According to a previous study [12], a calibration test for each participant was performed to measure the acceleration data of the sensors in the upright and inclined positions to calculate the initial inclination of each sensor with respect to the gravity. Before each trial, an initial static phase was acquired in the upright position. When participants started walking, subsequent 3-D orientations from the initial one were estimated by integrating the angular velocity with the drift removal using MATLAB (Mathworks, Natick, MA, USA) software [13]. The 3-D angular displacement from the initial upright position was calculated in a quaternion according to a previous study [12]. From these data, spatiotemporal gait parameters and flexion-extension angles of the hip, knee, and ankle joints during walking under each unweighting condition were evaluated for each participant. This H-Gait system divides a 30 s walking into gait cycles and calculates the joint angles of each joint for each gait cycle. A median of a gait cycle during the 30s walking under each unweighting condition was used for analyses. For the gait cycle, one gait cycle from heel contact to the next heel contact was normalized to 100%. The heel contact was defined on the peak angular velocity of the shank in a forward direction [14]. In regards to the validity and reliability of the gait analysis system, Tadano et al. analyzed the kinematics of lower limbs in walking using the H-Gait system and compared them with that of a camera-based motion analysis system [12]. The correlation coefficient was 0.98 for the hip flexion angle, 0.97 for knee flexion angle, and 0.78 for the ankle dorsiflexion angle, respectively.

Statistical analysis

Comparisons of demographic characteristics and walking speed between the groups were performed using independent Student’s t-tests. One-way ANOVAs with post hoc Bonferroni tests were used to investigate differences in NRS scores during walking under 100%, 75%, and 50% BW conditions for the hip OA group. Two-way repeated ANOVAs (3 BW conditions × 2 groups) were performed to assess the main effect of BW condition (100% BW, 75% BW, 50% BW) and group (control, OA) on spatiotemporal gait parameters and peak angles of each joint. When interactions were non-significant, main effects were assessed. If the main effect of the BW condition was statistically significant, post-hoc Bonferroni tests were performed to evaluate significant differences among BW conditions on spatiotemporal gait parameters and peak angles of each joint. The significance level was set at 0.05. Statistical analyses were performed using IBM SPSS version 17 software (SPSS Inc., Chicago, IL, USA).

Results

Demographic characteristics, walking speed, and pain

Table 1 summarizes the demographic characteristics of participants and clinical information in this study. There were no significant differences in age, height, weight, or walking speed between the hip OA and control groups. The hip OA group included 3 patients with KL grade 3 and 12 with KL grade 4.

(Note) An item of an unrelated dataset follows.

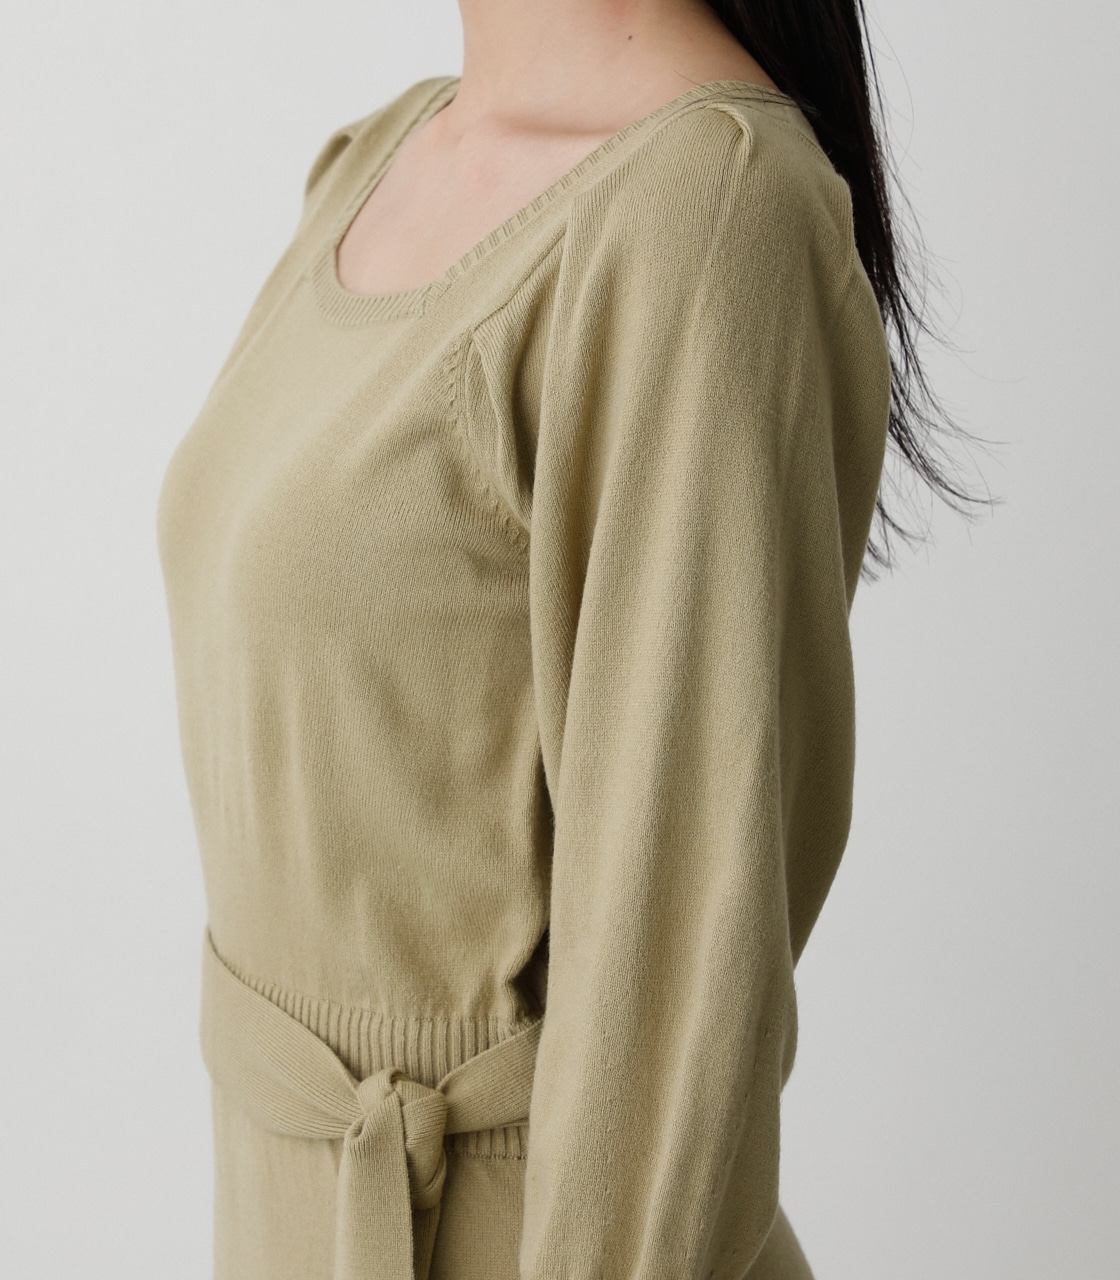 SQUARE NECK KNIT ONEPIECE/スクエアネックニットワンピース 詳細画像 L/GRN 9

Among the hip OA group, NRS was significantly lesser at the 50% BW condition that at the 100% (P=0.002) and 75% (P=0.018) BW conditions. NRS pain score was significantly lesser at the 75% BW condition than at the 100% BW condition (P=0.026) (Fig. 3).

Spatiotemporal gait parameters

For the step length, two-way ANOVA showed a statistical difference in the group (P=0.027), but not between body weight conditions (100%, 75%, and 50%) (P=0.536). No interaction was detected between group and bodyweight condition (P=0.147) (Fig.4). Post-hoc Bonferroni tests showed that the hip OA group decreased the step length in all bodyweight conditions compared to the control group (P < 0.001). For the cadence, two-way ANOVA did not show a significant difference in groups (P=0.167) and body weight conditions (100%, 75%, and 50% BW) (P=0.219). No interaction was detected between group and bodyweight condition (P=0.052).

Alternation of peak angle of hip joint by unweighting during walking

For the peak hip flexion angle during the swing phase, two-way ANOVA showed a significant difference in body weight conditions (P<0.001), but not between group (P=0.163). No interaction was detected between group and bodyweight condition (P=0.910) (Fig.5A). Post-hoc Bonferroni tests showed that peak hip flexion angle at 50% BW in both groups decreased statistically significantly compared to those at 100% BW (Hip OA; P=0.011 and control; P=0.049, respectively). For the peak hip adduction and external rotation angle during the stance phase, two-way ANOVA did not show a significant difference in groups and bodyweight conditions. No interaction was detected between group and bodyweight conditions.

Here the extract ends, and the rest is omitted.